Let's rewrite our Fibonacci function now using a generator instead of recursion:

In [34]:
def fibonacci_generator():
    a,b = 0,1 #This replaces the if/elif steps in the former function
    while True: # The while statement here keeps the function 'live'
        yield a #replaces the return statement
        a,b = b, a+b

fiboGen = fibonacci_generator()

In [33]:
next(fiboGen)

1

Note that where we had a function with ```fibonacci```, we now have a generator with ```fibonacci_generator``` and ```fiboGen``` although the two functions do (more or less) the same thing. There are two big syntactical differences between the original function and our shiny new generator:
- ```yield``` replaces ```return``` in a generator, and tells ```fibr``` to produce the output for one iteration, then wait for further instruction
- ```next()``` is both the executor of the function and the further instruction. The function will use the most recent output of ```fibr``` to produce the next output, and will then wait until called again.

For example:

In [None]:
next(fiboGen)

In [None]:
# And again...
next(fiboGen)

In [None]:
# And again...
next(fiboGen)

In [None]:
# And again...
next(fiboGen)

In fact, once it's executed, ```fiboGen``` will keep returning the next value in the sequence until the sun implodes or function is scrapped altogether, whichever comes first. So how can we use these nifty built-in generators to help us with data science? (Incidentally, very few languages have such an elegant method to handle this kind of work.)
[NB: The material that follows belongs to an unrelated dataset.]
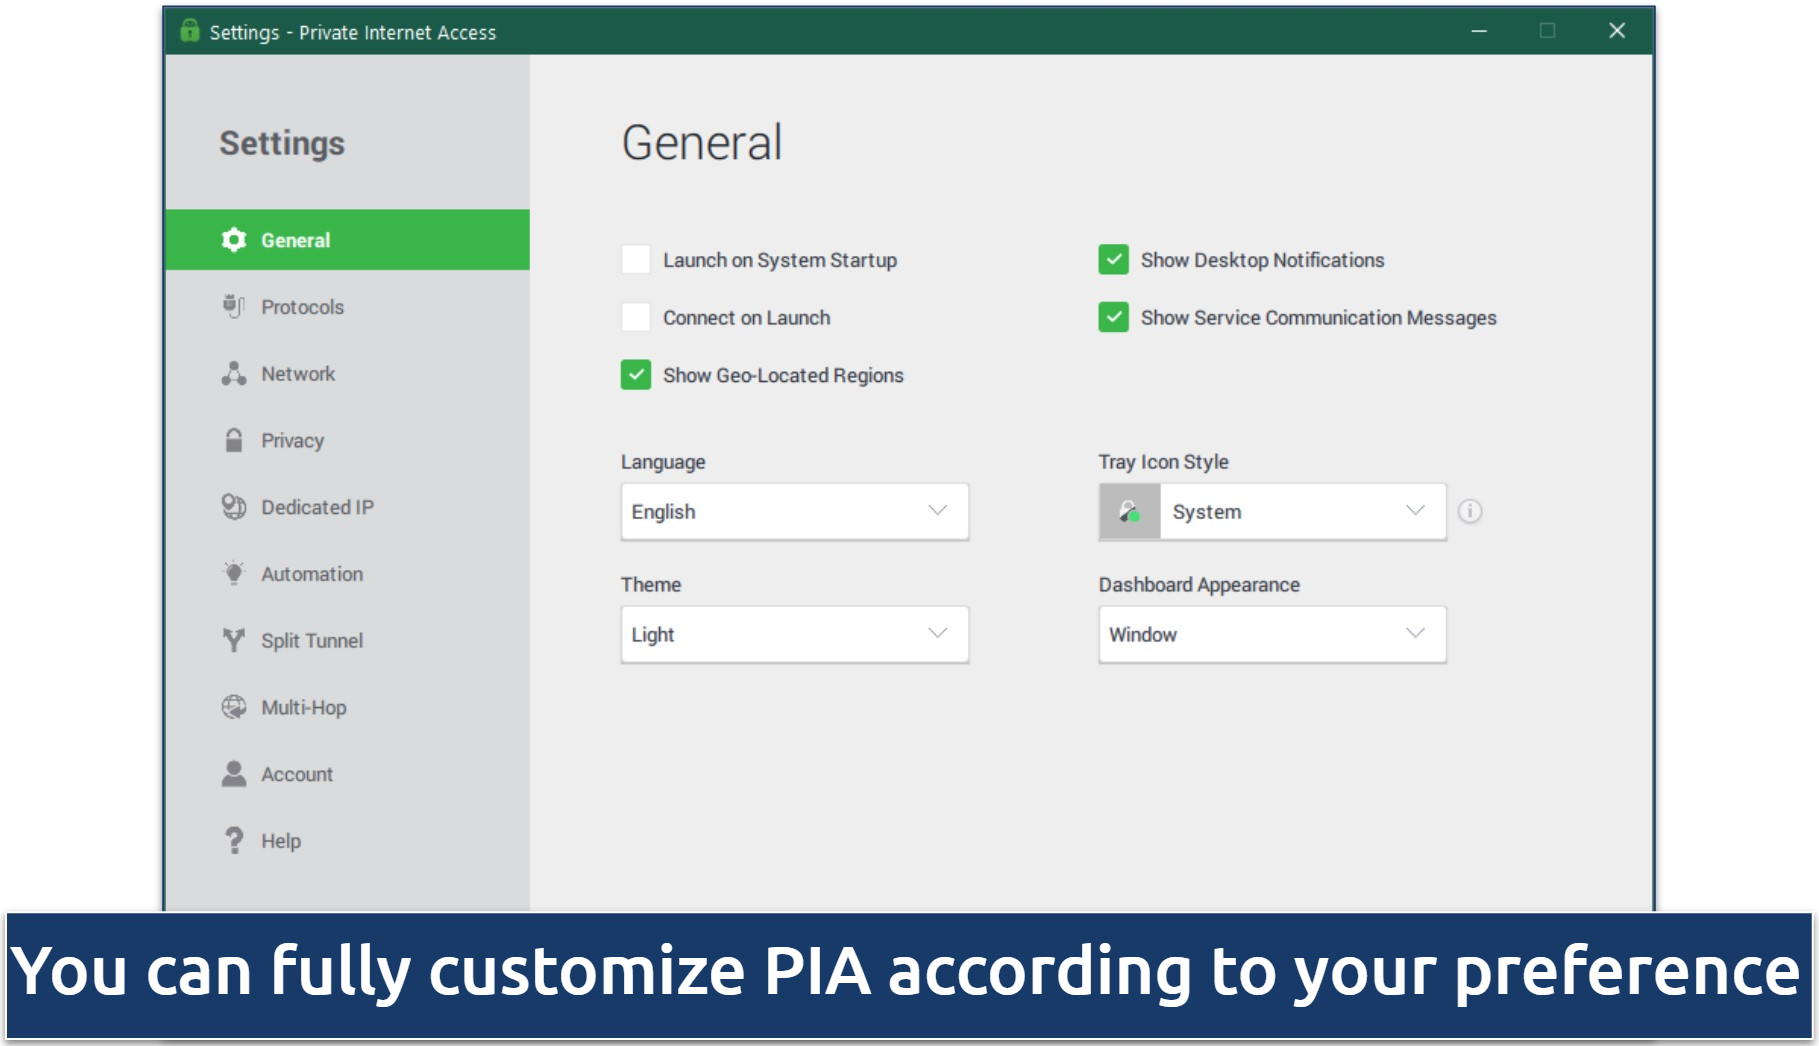 Screenshot of PIA's Windows interface showing its general settings for streaming the Masters

## So how often do you need the Fibonacci sequence?

As every data scientist knows, sometimes you're working with a dataset that's too big to handle all at once, but too small to merit using Big Data tools. We're going to take a look at the [liquor sales in the state of Iowa](https://data.iowa.gov/Economy/Iowa-Liquor-Sales/m3tr-qhgy) for our example here. It's a large dataset of about 13 million rows by 24 columns; it would take a long time to load under the best of circumstances. Even this segment of it, which is about 10% of the whole, is a hefty 300+ MB.

In [1]:
# Import the libraries we'll be using
import numpy as np
import pandas as pd

liquor = "Iowa_Liquor_Sales_reduced.csv"

In [2]:
def get_chunk(filename):
    with open(filename, "rb") as table:
        for line in table.readlines():
            yield line
            
chunk = get_chunk(liquor)

In [None]:
next(chunk)

In [None]:
next(chunk)

And we can even read the iterations into a pandas dataframe

In [None]:
def pandas_chunk(filename):
    for chunk in pd.read_csv(filename, chunksize=5):
        yield chunk

pc = pandas_chunk(liquor)

In [None]:
next(pc)

Et voila! Our data is now being parsed and loaded into a tidy pandas dataframe piece by piece. Since we are not loading the entire dataset at one time, we can see much more quickly how the data are structured, where we might need to do serious cleaning, or handling of null values, without tying up resources storing a 300 MB dataset in memory.
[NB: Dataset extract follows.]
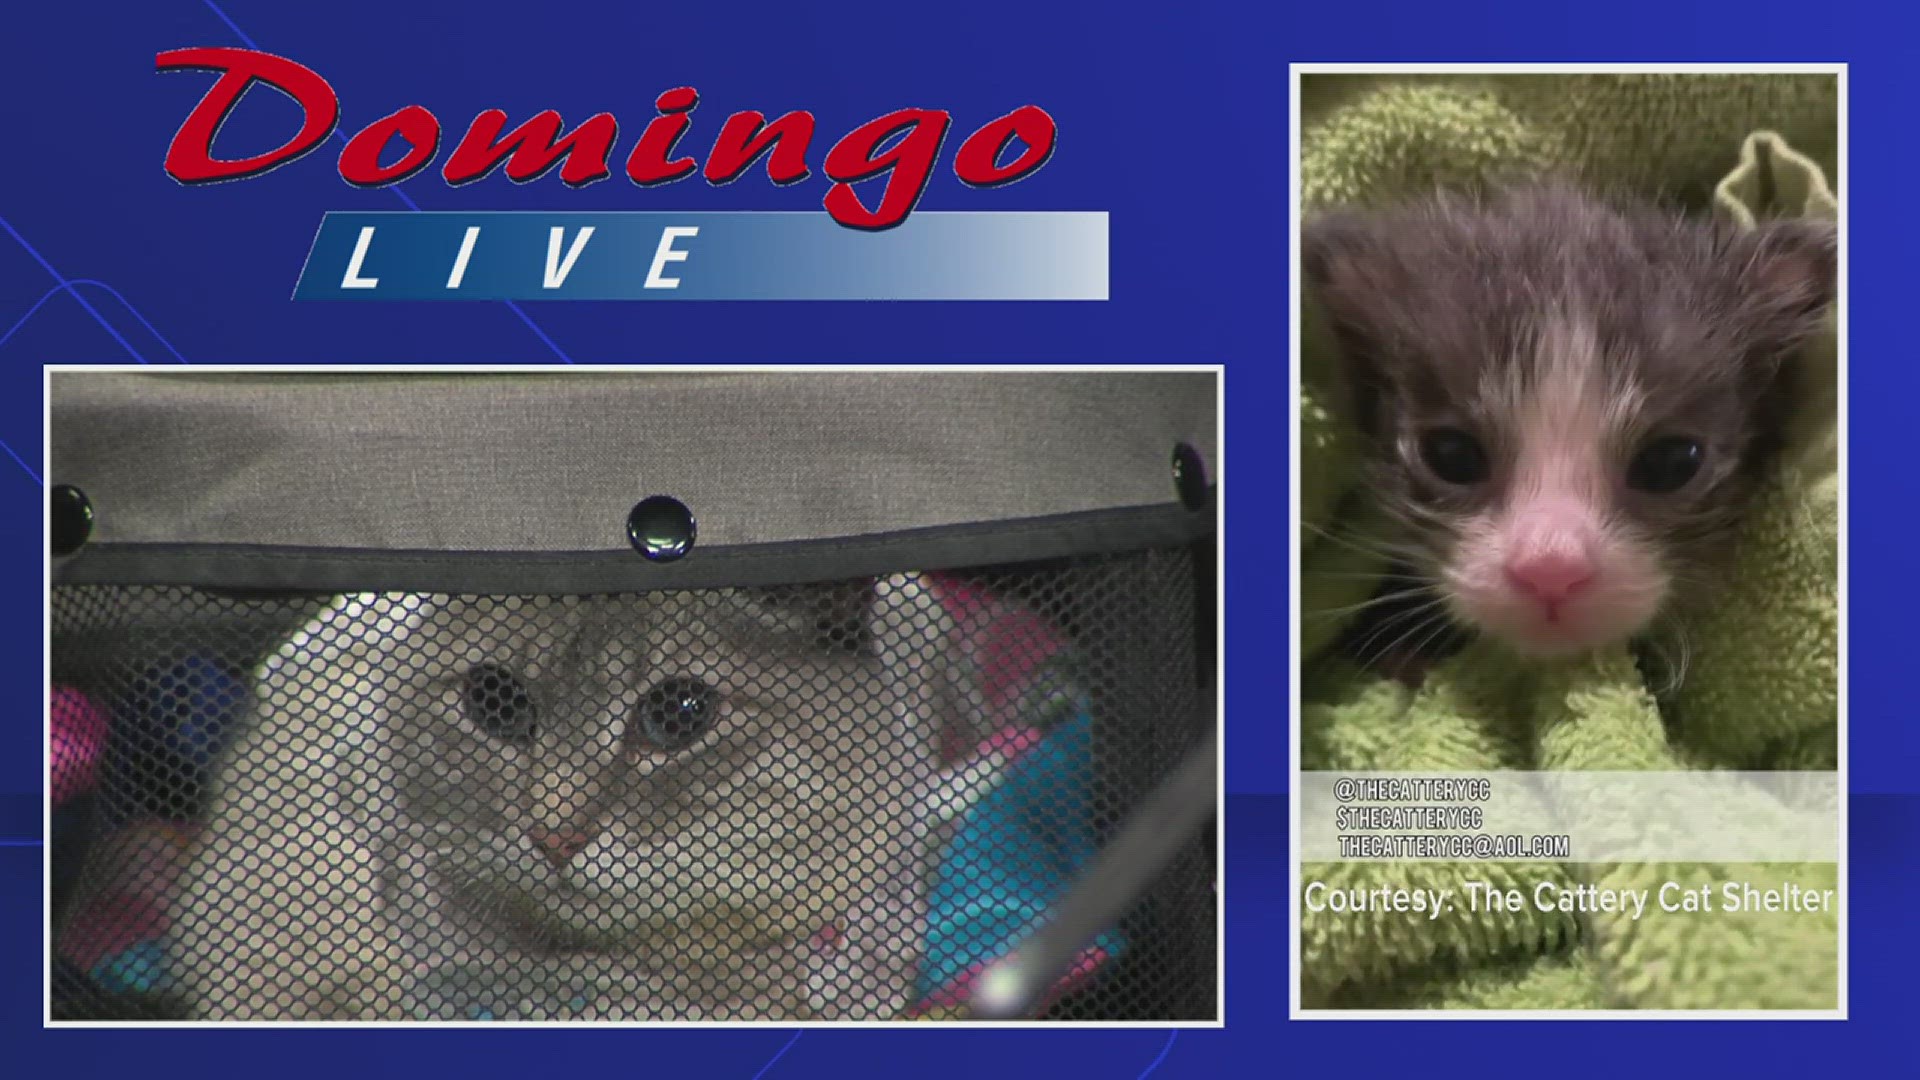 Local cele-purr-ty Princess Cecily and The Cattery reps Crystal and Gilbert joined us on Domingo Live to discuss kitten season and how you can help the cat shelter.

## Quick Aside: Expressive Generators

As with other iterative elements of Python, generators can also be compressed into single-line statements like list comprehensions. They are called **drumroll** generator expressions!

Here's an example of a list comprehension right on top of a generator expression:

In [None]:
lst = [i*10 for i in range(10)]

In [None]:
gen = (i*10 for i in range(10))

They look basically the same, don't they? Apart from the parentheses/brackets, they almost are. The difference is that when you call ```lst``` it will return the same ten integers every time you call it. When you call ```next(gen)``` it will hit a hard stop once it's printed that tenth integer, and be inert thereafter.

## To Conclude

Generators are a remarkable tool, largely unique to Python, and we data scientists can make great use of them. Their functionality extends well beyond parsing a single large file, and can be used to assess or analyze multiple large files. For example, if we wanted to find a specific word pattern across a thousand-plus text documents without tying up too many resources, we could use a generator to automate the search. It's even possible to build full pipelines using only generator functions!

So, Dataquest community, what do you think? Will generators become a regular feature of your coding? Where else do you think they might be useful in data science?